Cross-sectional disease enrichment among sleep apnea cases
| PheCode | Translation | Odds ratio | Prevalence in sleep apnea cases | Prevalence in matched controls |
|---|---|---|---|---|
| 327.1 | Hypersomnia | 21.52 (15.95–29.02) | 7.92 | 0.40 |
| 327.71 | Restless legs syndrome | 6.77 (5.55–8.27) | 7.18 | 1.13 |
| 278.11 | Morbid obesity | 5.56 (5.02–6.16) | 23.94 | 5.36 |
| 327 | Sleep disorders | 4.61 (4.01–5.29) | 11.63 | 2.78 |
| 428.4 | Heart failure with preserved ejection fraction (Diastolic heart failure) | 4.45 (3.79–5.23) | 8.41 | 2.02 |
| 415.2 | Chronic pulmonary heart disease | 3.99 (3.35–4.75) | 6.77 | 1.79 |
| 278.1 | Obesity | 3.67 (3.42–3.93) | 52.06 | 22.84 |
| 512.9 | Other dyspnea | 3.64 (3.35–3.94) | 32.81 | 11.84 |
| 263 | Other nutritional deficiency | 3.54 (2.97–4.23) | 6.13 | 1.81 |
| 1013 | Asphyxia and hypoxemia | 3.28 (2.84–3.78) | 9.15 | 2.98 |
| 470 | Septal deviations/turbinate hypertrophy | 3.13 (2.46–3.99) | 3.02 | 0.98 |
| 512.7 | Shortness of breath | 3.08 (2.85–3.33) | 34.54 | 14.61 |
| 401.21 | Hypertensive heart disease | 2.92 (2.50–3.41) | 7.22 | 2.60 |
| 509.1 | Respiratory failure | 2.89 (2.43–3.43) | 5.87 | 2.11 |
| 296.22 | Major depressive disorder | 2.86 (2.65–3.10) | 32.48 | 14.38 |
| 428.1 | Congestive heart failure (CHF) not otherwise specified | 2.80 (2.55–3.09) | 19.26 | 7.84 |
| 276.6 | Fluid overload | 2.79 (2.40–3.25) | 7.34 | 2.76 |
| 291.8 | Alteration of consciousness | 2.74 (2.31–3.24) | 5.97 | 2.27 |
| 278.4 | Abnormal weight gain | 2.70 (2.39–3.05) | 11.80 | 4.72 |
| 539 | Bariatric surgery | 2.61 (2.36–2.88) | 17.31 | 7.43 |
| 290.3 | Other persistent mental disorders due to conditions classified elsewhere | 2.58 (2.13–3.13) | 4.33 | 1.72 |
| 505 | Other pulmonary inflammation or edema | 2.57 (2.15–3.08) | 4.98 | 2.00 |
| 496 | Chronic airway obstruction | 2.53 (2.25–2.86) | 11.38 | 4.82 |
| 313.1 | Attention-deficit hyperactivity disorder | 2.51 (2.08–3.02) | 4.56 | 1.87 |
| 798.1 | Chronic fatigue syndrome | 2.51 (2.05–3.07) | 3.90 | 1.59 |
Note: Totally, 527 PheCodes with ≥1% overall prevalence were tested.

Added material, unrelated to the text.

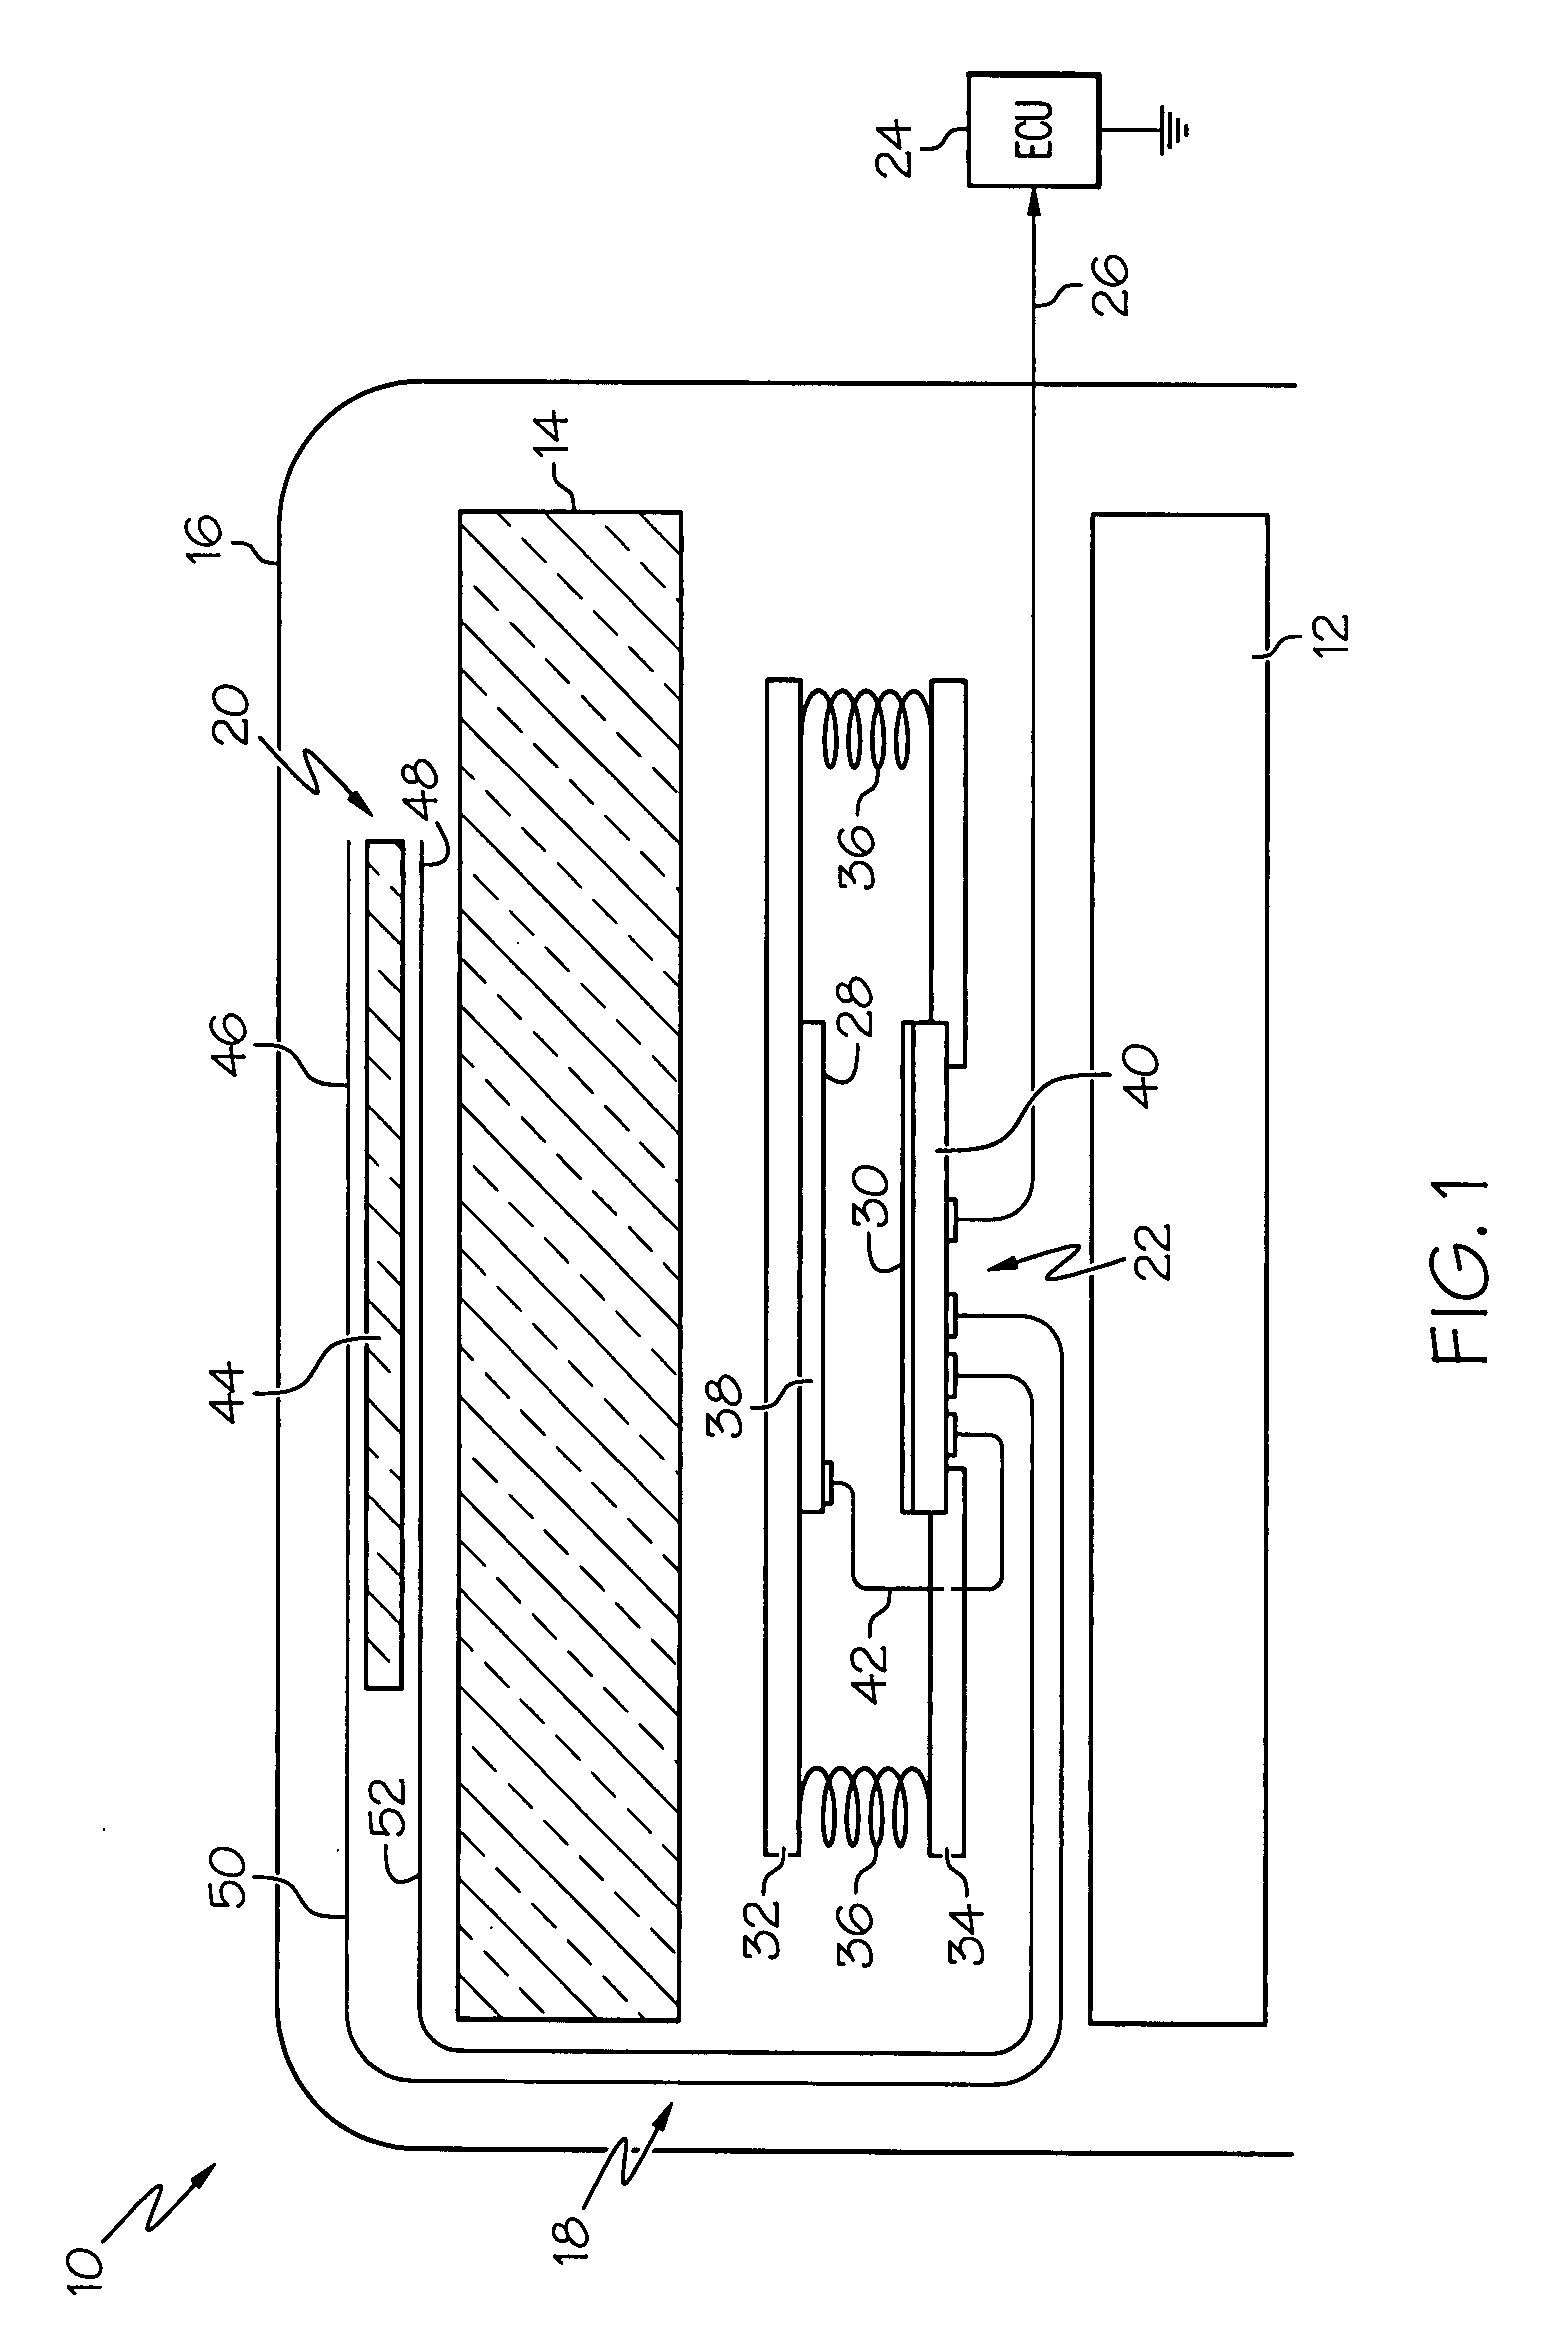 Dual function capacitive sensor for seat occupant detection

Controls were matched for age, sex, BMI, population, and healthcare utilization. Of the tested PheCodes, 281 nonredundant PheCodes had significantly different cross-sectional prevalence between PheCAP-defined cases and matched controls in combined-sex and/or sex-stratified analyses. Lead results are shown here. Complete results, including sex-stratified results, can be found in Table S6.